== Goal of the exercise ==
From the records below, please print only the lines from the one containing "Cette chaise provient" through the one containing "Inspirés par les", both included. Skip the pictures.

== Dataset excerpts ==
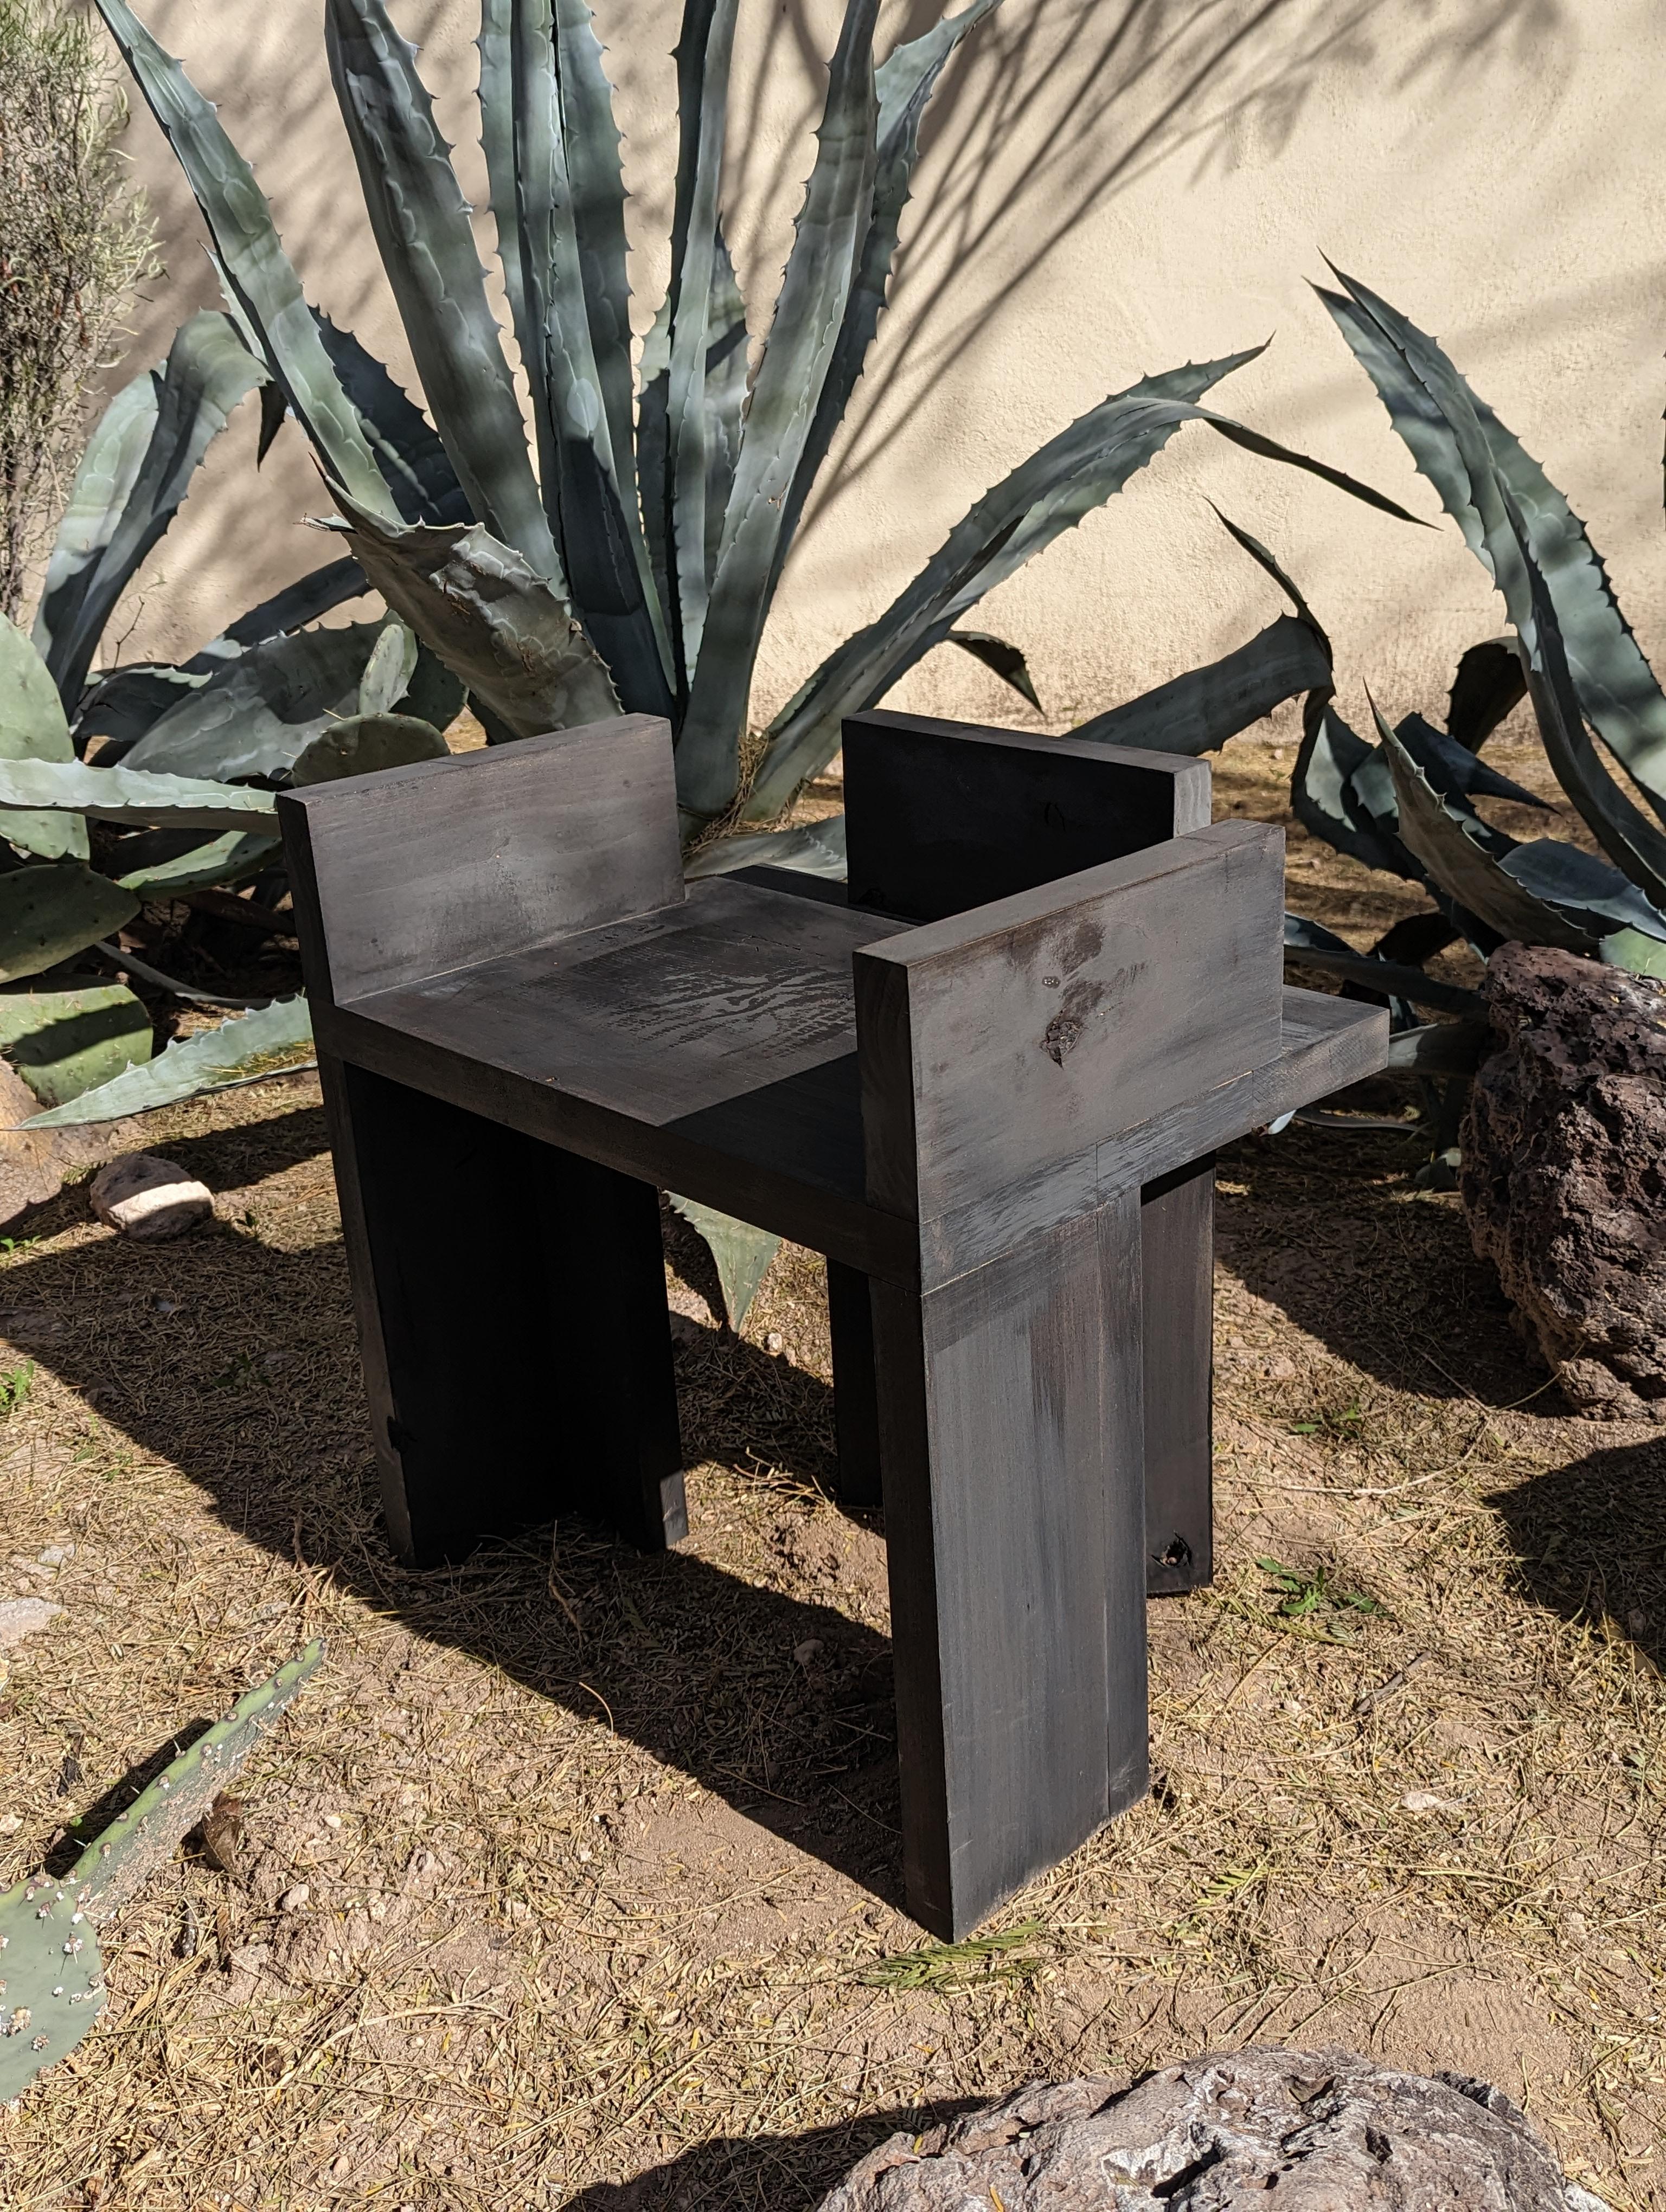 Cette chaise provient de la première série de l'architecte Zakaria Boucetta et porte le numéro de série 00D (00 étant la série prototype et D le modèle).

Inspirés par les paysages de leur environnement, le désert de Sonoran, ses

---

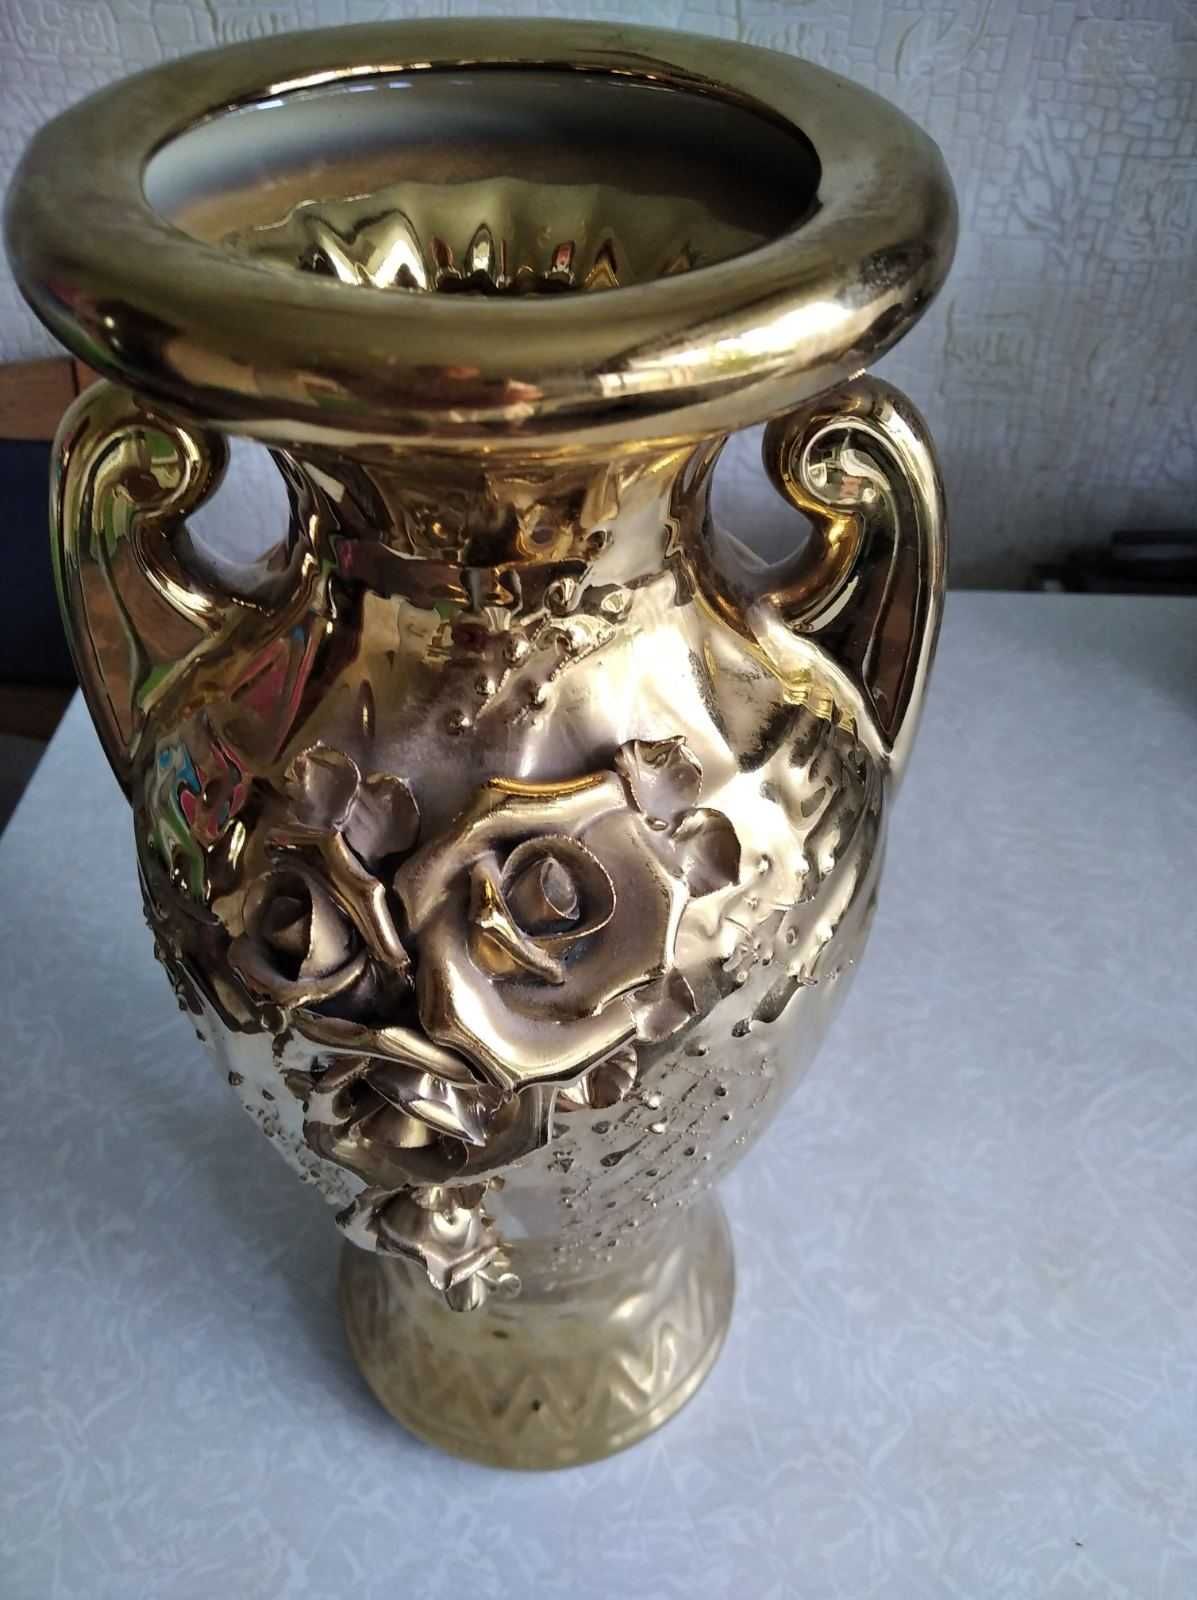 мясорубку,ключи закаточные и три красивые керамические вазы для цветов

--

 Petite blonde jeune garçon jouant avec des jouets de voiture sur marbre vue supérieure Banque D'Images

== Answer ==
 Cette chaise provient de la première série de l'architecte Zakaria Boucetta et porte le numéro de série 00D (00 étant la série prototype et D le modèle).

Inspirés par les paysages de leur environnement, le désert de Sonoran, ses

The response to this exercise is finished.